The prime minister's key adviser and closest friend in politics, Steve Hilton, had also become exasperated with Cameron's vacillations and appalled by the continued impositions from Brussels that hamper competitiveness and recovery. Late last summer the chancellor and the prime minister had even decided that in order to save the single currency they had, quite suddenly, been converted to fiscal union for the eurozone, although they didn't look as though they really believed it. They then said they thought such a move would trigger a renegotiation with the Eurozone that might offer the possibility of a repatriation of powers to Britain. Next they were less sure about renegotiation; finally, they thought definitely not, as they didn't want to cause a fuss.
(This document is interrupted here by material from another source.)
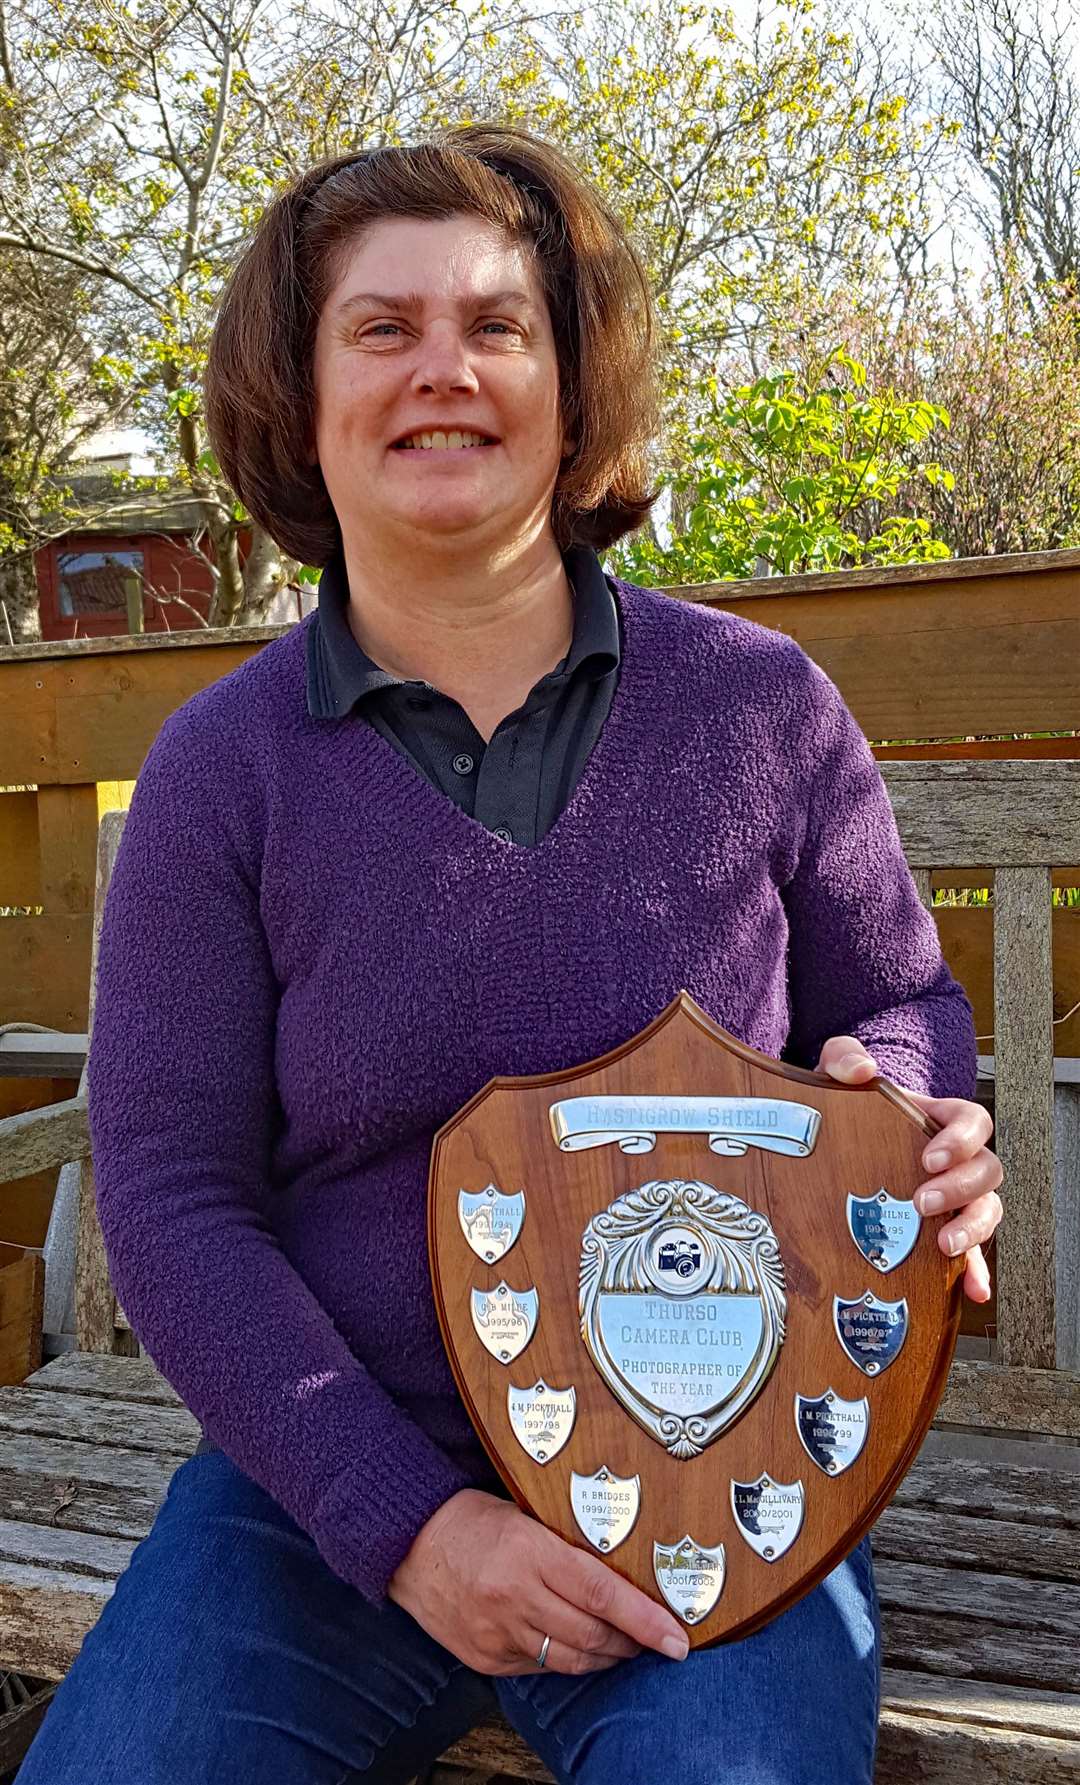 Club photographer of the year Jane Foster with her trophy.

But then Cameron came under great pressure in the days leading up to the December summit. Cabinet ministers — such as welfare secretary Iain Duncan Smith and Northern Ireland secretary Owen Paterson — had worked out that the only language Cameron understood was that of force. They organised with the rebel MPs, and impressed on Cameron that he had to find a way out of agreeing to a new treaty of the 27 members of the EU. If Cameron had defied his party it would have meant full-scale mutiny and irresistible demands for a referendum. Through a combination of pressure and Cameron's mild-euroscepticism hardening into conviction, the prime ministerial resolve was strengthened.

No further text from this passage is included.